Given we are talking about Mencken, you don't have to wait long.  You've read his personal diary he published, haven't you?  There is your example.  And by the way - you say he is a product of his times, yet that diary was written far past his other materials - so I guess we come back to the idea that at heart the guy was bigoted.  

I didn't intend to take away from your original point of posting - I just gave my reason why I wouldn't consider it worthwhile to see anything about Menckin.  

K.


----------



## Dante (Sep 21, 2013)

I've read about 4 bios of HLM, read many of his collected works, collecter American Mercury mags...read what youbtefer too,,,,like I said, product of times and upbringing. 

Try judging people more on how they act as oopposed to what they think or say. 

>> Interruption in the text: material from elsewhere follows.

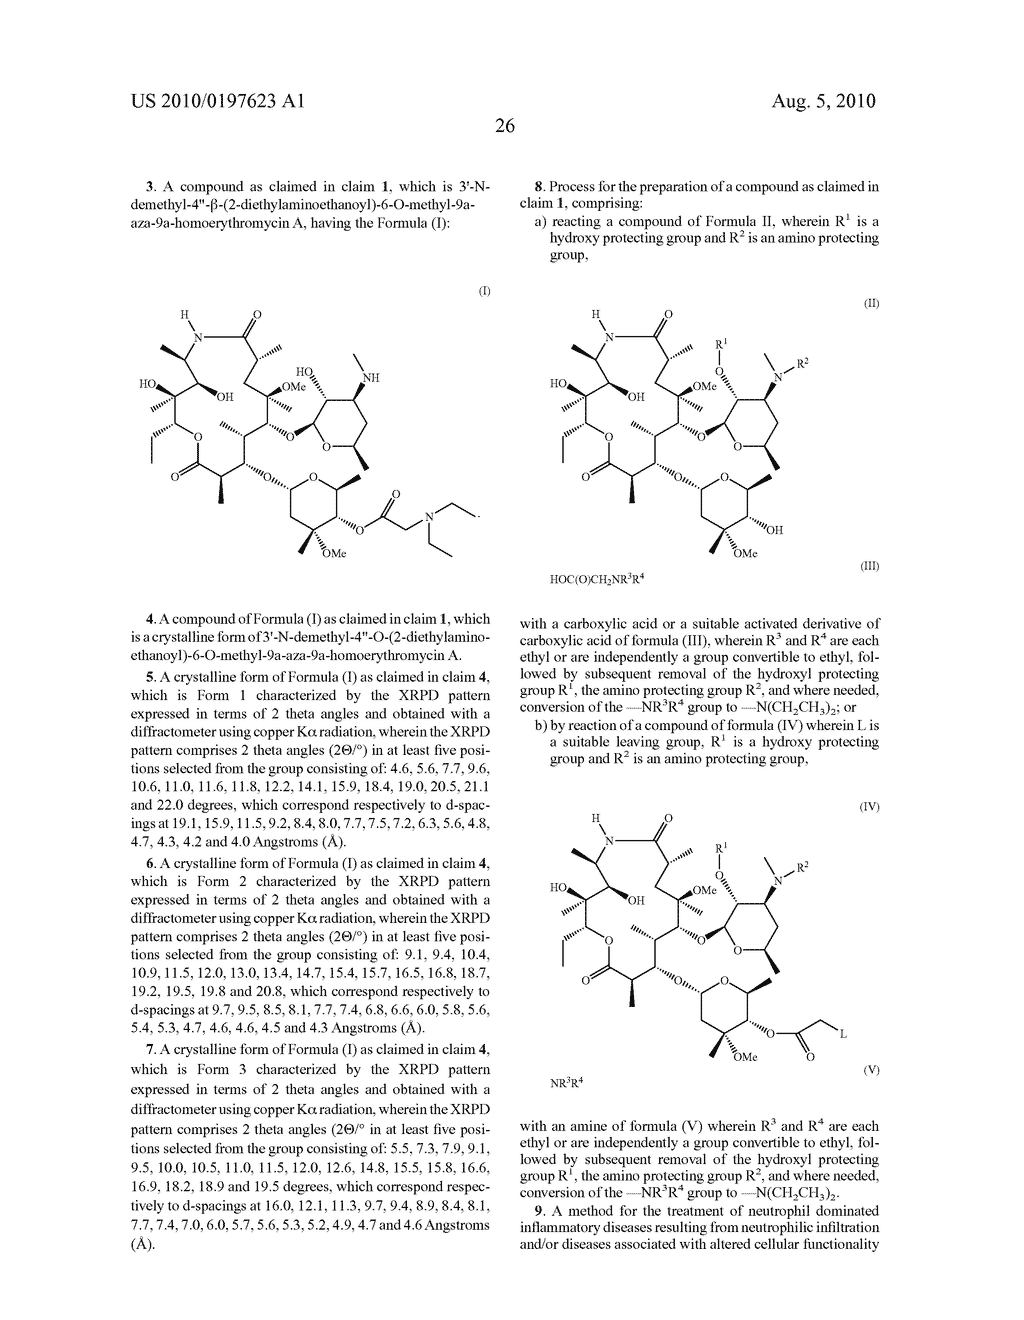 Anti-Infammatory Macrolide - diagram, schematic, and image 43
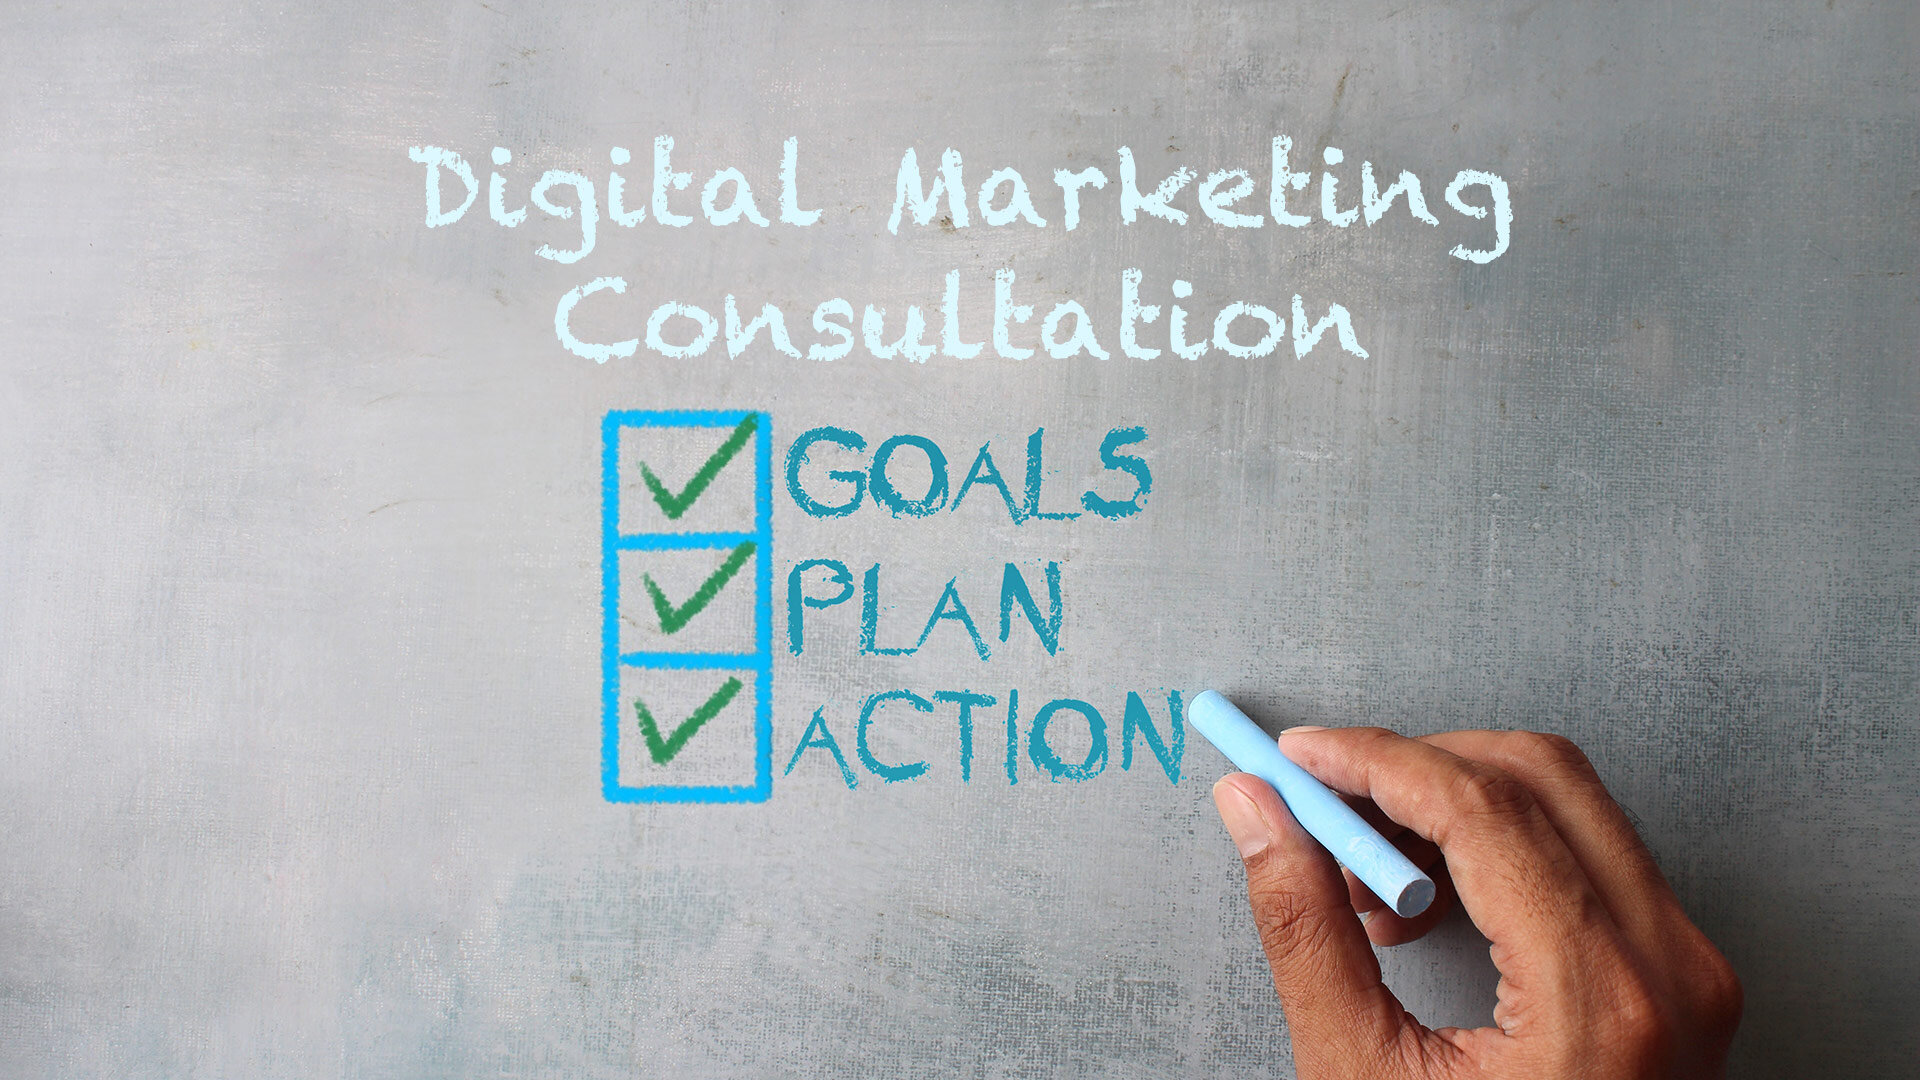 Digital Marketing Consultation looks at Goals Plan Action

Mencken's criticisms are well worth reading and for entertainment value few beat them.  Like Henry, I take people warts and all and suffer fools not. 

Fuck off loser.


----------



## loa (Sep 21, 2013)

Dante said:


> I've read about 4 bios of HLM, read many of his collected works, collecter American Mercury mags...read what youbtefer too,,,,like I said, product of times and upbringing.
> 
> Try judging people more on how they act as oopposed to what they think or say.
> 
> ...



I've read a lot of his stuff too - but my question was whether you have read the diary he published.   

You say judge people on how they act, not what they think or say.  Hmmm.  Where do you think actions come from, if not from thoughts?

So I make a comment you disagree with and its fuck off?   Yet you are saying I am intolerant?
That's ironic.

I would like to find out something, though - given you say you have read a lot of Mencken, what is your opinion on the best thing he has written and what part of his style do you like the best?

K.


----------



## Dante (Sep 21, 2013)

loa said:


> Dante said:
> 
> 
> > I've read about 4 bios of HLM, read many of his collected works, collecter American Mercury mags...read what youbtefer too,,,,like I said, product of times and upbringing.
> ...



People think many things they do not act upon...it is what separates humans from the rest of the animal kingdom.  Murder?  People have confessed to thinking of killing others, yet no sane, rational judge would call them murderers. .I guess in your small mind thoughts equal actions.


----------



## Dante (Sep 21, 2013)

[MENTION=45151]loa[/MENTION] . @Ioa .  Lighten up francis

Now fuck off

Get IT?


----------



## Dante (Sep 21, 2013)

[MENTION=45151]loa[/MENTION] You write "I would like to find out something, though - given you say you have read a lot of Mencken, what is your opinion on the best thing he has written and what part of his style do you like the best?"

The best thing Mencken wrote?  Silly question. If I wanted to pretend intellectualism I'd say his Tomes on the English Language.  But one ofy favorite pieces is Sahara of the Bozarts. 

His style?  Clear, concise, flawless...I started collecting his works in early Eighties before it all got republished.  It's ability to seem to refer to mid-late 70s and early-mid 80s cultural and political struggles was eerily entertaining. 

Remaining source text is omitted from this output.